╭──

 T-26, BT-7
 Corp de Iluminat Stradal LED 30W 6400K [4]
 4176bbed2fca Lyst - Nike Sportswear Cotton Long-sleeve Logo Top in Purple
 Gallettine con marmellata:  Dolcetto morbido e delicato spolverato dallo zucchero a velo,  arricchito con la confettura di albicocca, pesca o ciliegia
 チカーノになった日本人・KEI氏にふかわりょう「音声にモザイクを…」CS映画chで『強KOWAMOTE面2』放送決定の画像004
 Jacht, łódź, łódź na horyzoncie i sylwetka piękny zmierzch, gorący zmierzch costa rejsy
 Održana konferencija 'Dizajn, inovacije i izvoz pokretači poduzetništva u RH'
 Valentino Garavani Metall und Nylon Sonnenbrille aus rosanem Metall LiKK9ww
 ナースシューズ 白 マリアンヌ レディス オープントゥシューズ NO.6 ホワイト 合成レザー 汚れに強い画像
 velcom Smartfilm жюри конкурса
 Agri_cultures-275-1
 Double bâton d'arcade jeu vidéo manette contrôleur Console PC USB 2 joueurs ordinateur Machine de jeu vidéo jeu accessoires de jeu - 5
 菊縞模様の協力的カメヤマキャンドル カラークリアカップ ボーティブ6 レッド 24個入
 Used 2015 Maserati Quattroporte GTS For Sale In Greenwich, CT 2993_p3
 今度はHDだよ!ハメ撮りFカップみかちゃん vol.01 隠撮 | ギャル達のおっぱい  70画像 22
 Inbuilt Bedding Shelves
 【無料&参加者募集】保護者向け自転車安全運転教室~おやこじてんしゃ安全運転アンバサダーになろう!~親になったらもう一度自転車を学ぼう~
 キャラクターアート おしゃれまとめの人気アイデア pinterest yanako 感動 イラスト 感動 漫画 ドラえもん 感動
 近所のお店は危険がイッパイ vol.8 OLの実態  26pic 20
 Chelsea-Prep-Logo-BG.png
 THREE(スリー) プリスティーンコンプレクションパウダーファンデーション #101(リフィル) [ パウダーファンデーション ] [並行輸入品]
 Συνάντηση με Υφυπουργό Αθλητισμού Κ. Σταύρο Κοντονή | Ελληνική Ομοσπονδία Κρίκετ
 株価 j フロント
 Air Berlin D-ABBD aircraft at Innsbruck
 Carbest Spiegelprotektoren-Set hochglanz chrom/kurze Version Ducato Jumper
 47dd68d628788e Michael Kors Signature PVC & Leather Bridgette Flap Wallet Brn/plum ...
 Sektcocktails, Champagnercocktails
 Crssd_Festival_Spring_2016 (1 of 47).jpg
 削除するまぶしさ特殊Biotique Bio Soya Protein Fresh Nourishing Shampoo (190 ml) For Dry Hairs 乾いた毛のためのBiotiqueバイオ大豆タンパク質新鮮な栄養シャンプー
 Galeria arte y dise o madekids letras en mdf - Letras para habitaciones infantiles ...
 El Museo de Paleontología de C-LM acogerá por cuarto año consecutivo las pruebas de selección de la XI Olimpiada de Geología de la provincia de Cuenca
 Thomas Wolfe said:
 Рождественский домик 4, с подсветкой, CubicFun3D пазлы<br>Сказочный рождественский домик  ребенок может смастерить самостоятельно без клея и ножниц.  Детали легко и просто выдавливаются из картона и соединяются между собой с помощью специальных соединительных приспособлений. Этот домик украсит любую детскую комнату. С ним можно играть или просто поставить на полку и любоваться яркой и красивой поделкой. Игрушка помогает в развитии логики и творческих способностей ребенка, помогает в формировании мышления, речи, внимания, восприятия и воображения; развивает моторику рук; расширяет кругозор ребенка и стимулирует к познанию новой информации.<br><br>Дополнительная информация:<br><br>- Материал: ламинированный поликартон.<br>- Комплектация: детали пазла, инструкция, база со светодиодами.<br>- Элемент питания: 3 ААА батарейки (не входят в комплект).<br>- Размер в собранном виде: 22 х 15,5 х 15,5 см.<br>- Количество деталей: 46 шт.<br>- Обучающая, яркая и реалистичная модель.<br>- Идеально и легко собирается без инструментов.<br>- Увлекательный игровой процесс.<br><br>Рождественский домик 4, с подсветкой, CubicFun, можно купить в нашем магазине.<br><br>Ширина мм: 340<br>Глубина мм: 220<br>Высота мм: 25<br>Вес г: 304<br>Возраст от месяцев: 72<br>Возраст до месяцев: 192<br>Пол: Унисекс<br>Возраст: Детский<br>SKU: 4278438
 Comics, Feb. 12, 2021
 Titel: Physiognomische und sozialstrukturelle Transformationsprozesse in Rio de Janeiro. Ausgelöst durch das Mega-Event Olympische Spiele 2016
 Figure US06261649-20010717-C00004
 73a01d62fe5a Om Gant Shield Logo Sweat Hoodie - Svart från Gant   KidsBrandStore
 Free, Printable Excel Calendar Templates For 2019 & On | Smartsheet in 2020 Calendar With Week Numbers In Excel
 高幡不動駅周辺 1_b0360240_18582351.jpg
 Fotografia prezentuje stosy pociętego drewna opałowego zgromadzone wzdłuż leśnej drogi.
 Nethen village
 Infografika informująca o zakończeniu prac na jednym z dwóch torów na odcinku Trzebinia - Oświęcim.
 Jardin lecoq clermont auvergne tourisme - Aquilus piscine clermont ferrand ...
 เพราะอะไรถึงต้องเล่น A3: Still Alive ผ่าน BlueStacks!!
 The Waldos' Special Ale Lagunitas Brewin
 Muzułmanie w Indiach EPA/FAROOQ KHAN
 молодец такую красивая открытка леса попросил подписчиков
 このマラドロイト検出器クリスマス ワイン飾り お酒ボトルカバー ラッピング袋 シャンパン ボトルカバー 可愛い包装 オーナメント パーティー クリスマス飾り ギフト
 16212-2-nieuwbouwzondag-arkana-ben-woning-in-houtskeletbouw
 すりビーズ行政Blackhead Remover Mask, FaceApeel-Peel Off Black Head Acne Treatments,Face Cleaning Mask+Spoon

╰──

### Exercise details
Every line of the records that includes the word "Logo" should be gathered.

### Answer below
 4176bbed2fca Lyst - Nike Sportswear Cotton Long-sleeve Logo Top in Purple
 Chelsea-Prep-Logo-BG.png
 73a01d62fe5a Om Gant Shield Logo Sweat Hoodie - Svart från Gant   KidsBrandStore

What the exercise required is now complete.